Le gouvernement l'avait promis : s'il imposait le 80 km/h sur nos routes à compter du 1er juillet 2018, ce n'était que le temps d'une expérimentation de deux ans. L'objectif étant d'observer l'impact de cette mesure sur la sécurité routière… Comme il fallait s'y attendre, alors que ces 24 mois sont parvenus à échéance le 30 juin 2020, absolument rien n'a été démontré. Pire, l'équipe d'Edouard Philippe reste pour le moment dans l'incapacité de fournir les résultats de cette "expérimentation"… Or, non seulement nous exigeons ces résultats, mais mieux, nous exigeons le retour à 90 km/h !
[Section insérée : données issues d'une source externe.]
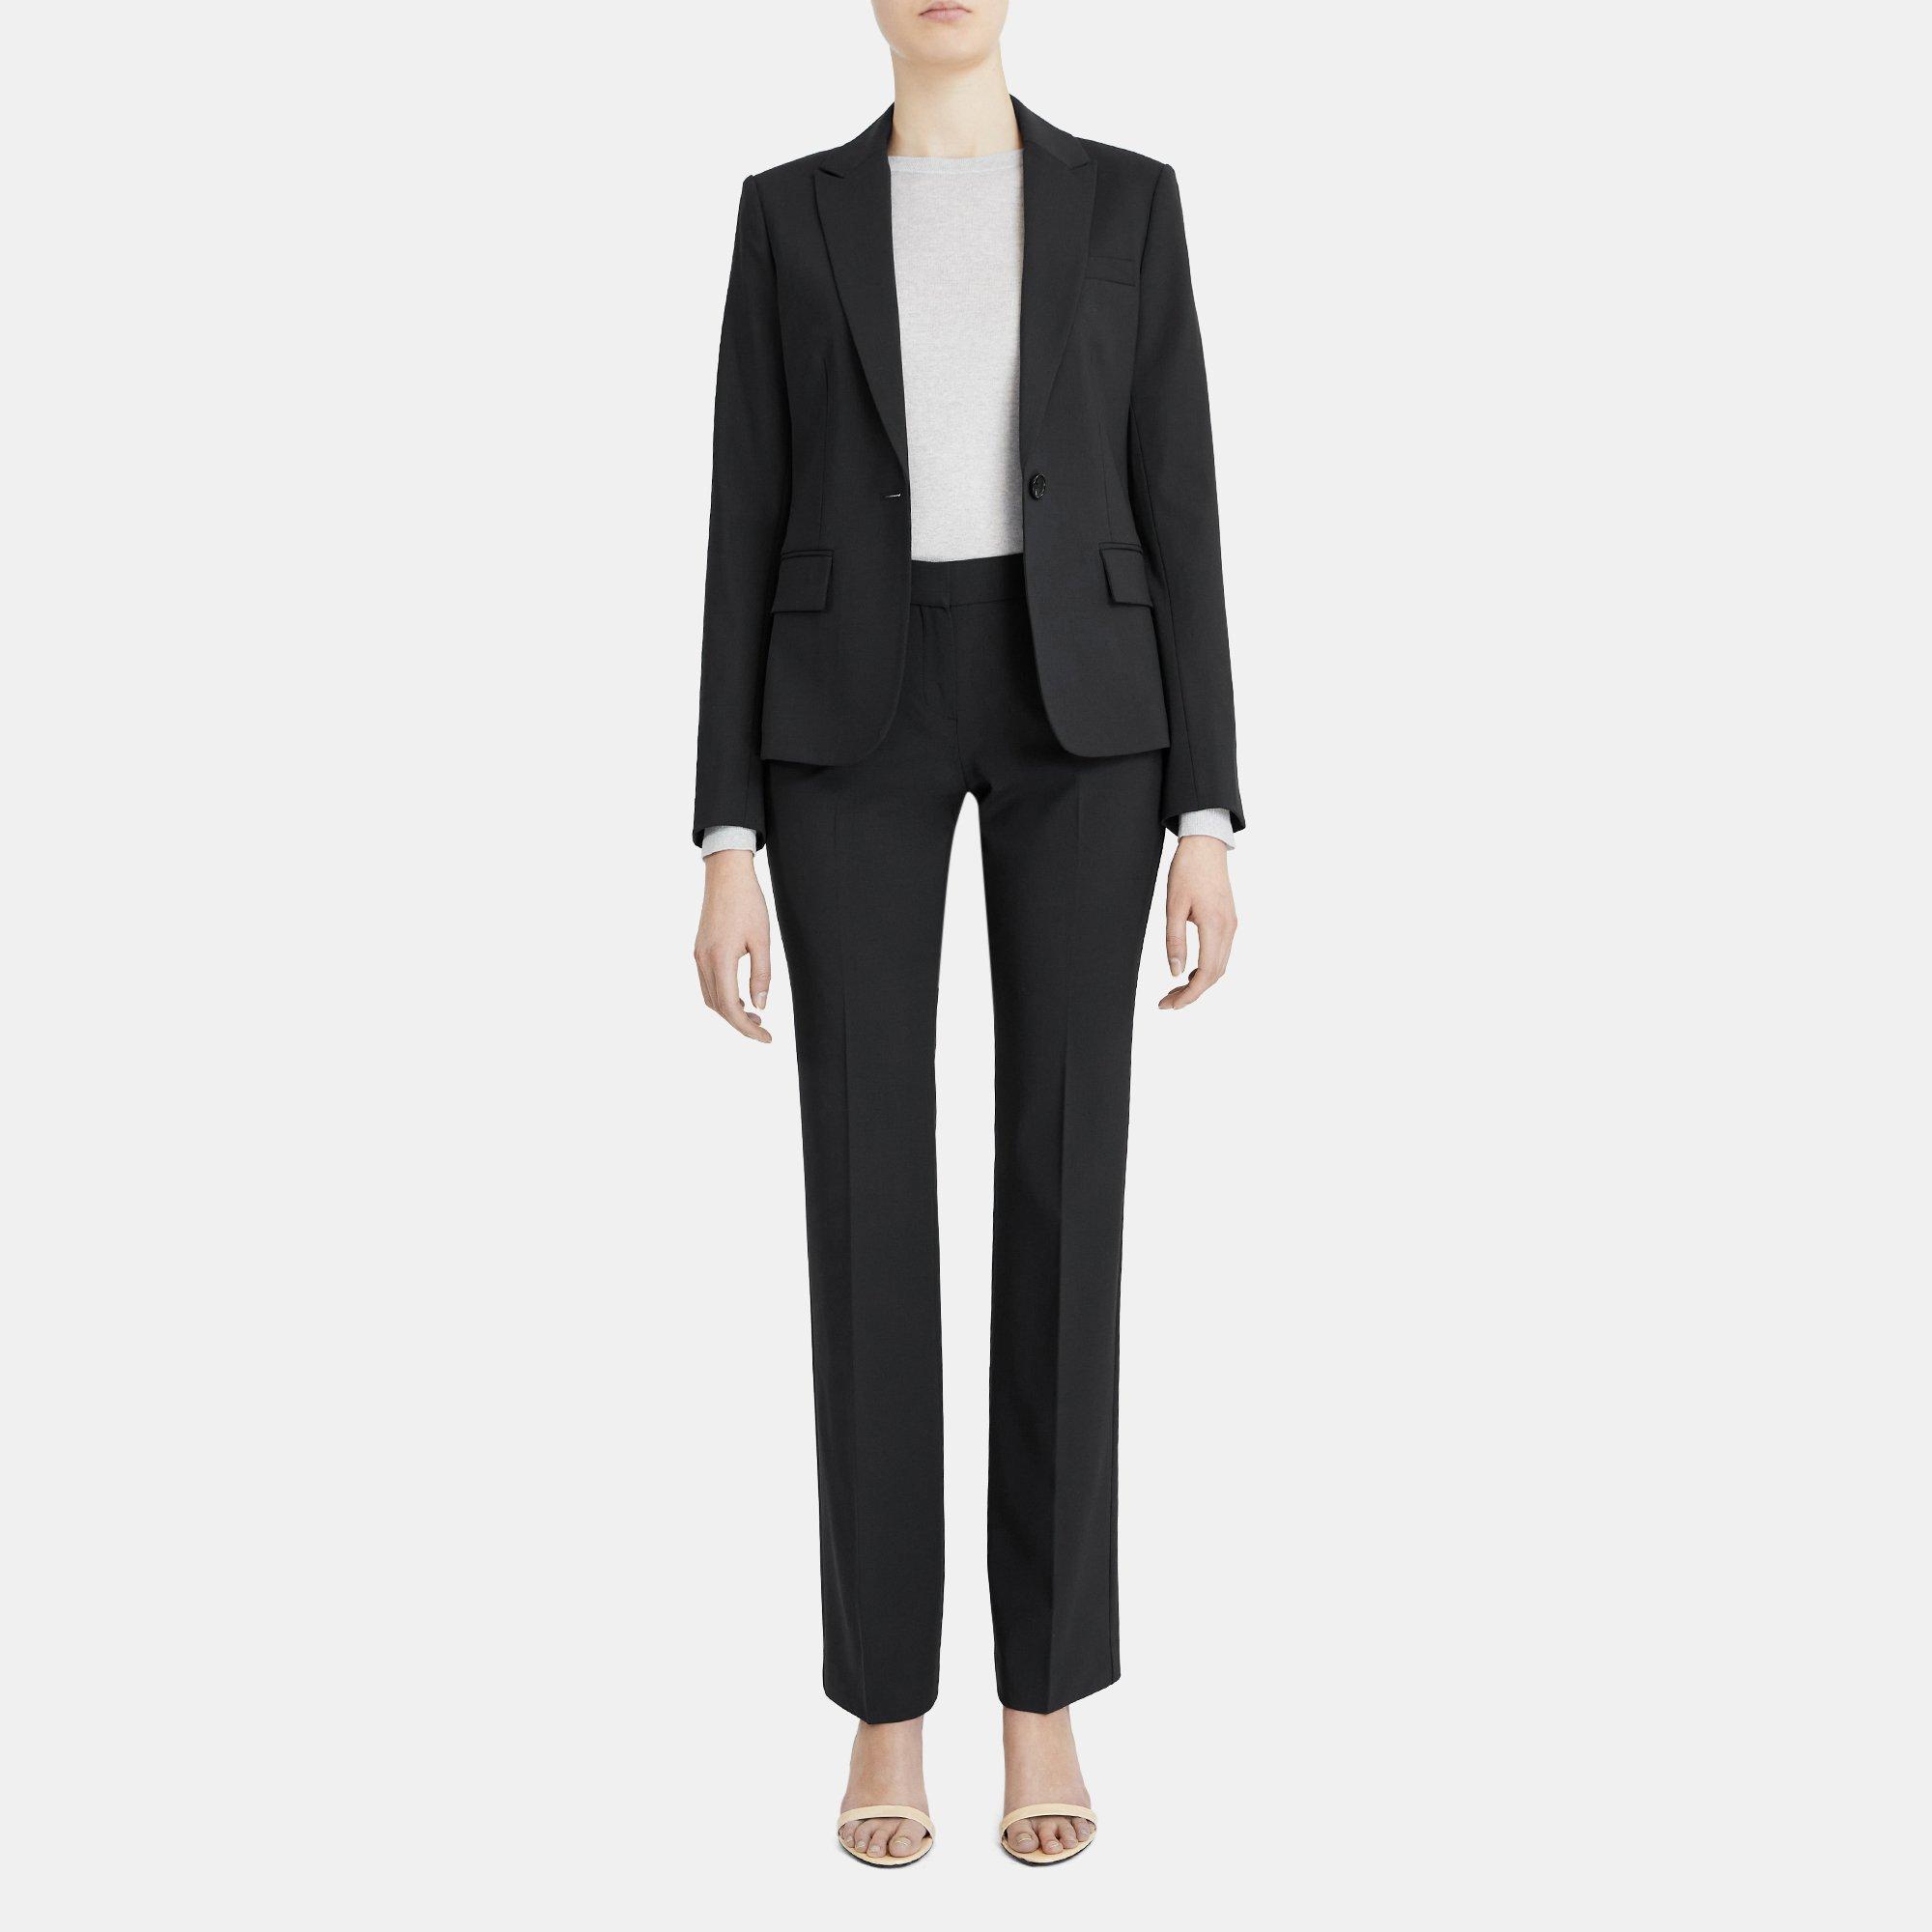 work from home outfit Nordstrom stretch blazer.

On récolte ce que l'on a semé. C'est en substance ce que l'on aurait pu rétorquer au gouvernement, dont la mesure inepte du 80 km/h, imposée le 1er juillet 2018, a mis le feu aux poudres et déclenché le mouvement des Gilets jaunes au deuxième semestre de la même année. Le vaste désordre social qui en a découlé (paralysie du pays, grève des transports…) a d'emblée ôté toute légitimité à cette expérimentation de deux ans. La crise du coronavirus n'a rien arrangé, la population ayant laissé sa voiture au garage pendant les 55 jours de confinement. La conséquence de ces deux périodes atypiques, c'est l'impossibilité de comparer de manière rigoureuse et scientifique l'avant et l'après 80… Les quelques déclarations débordant d'autosatisfaction qu'ont pu faire, ces derniers mois, Edouard Philippe ou Christophe Castaner, sur les pseudo résultats de la réduction de la vitesse, ne sont étayées par aucune donnée indiscutable (comme l'aurait peut-être été la stricte sélection des tronçons passés à 80 km/h sur toute la France, de façon à circonscrire la comparaison à la réalité du terrain, comme l'avait demandé notre association).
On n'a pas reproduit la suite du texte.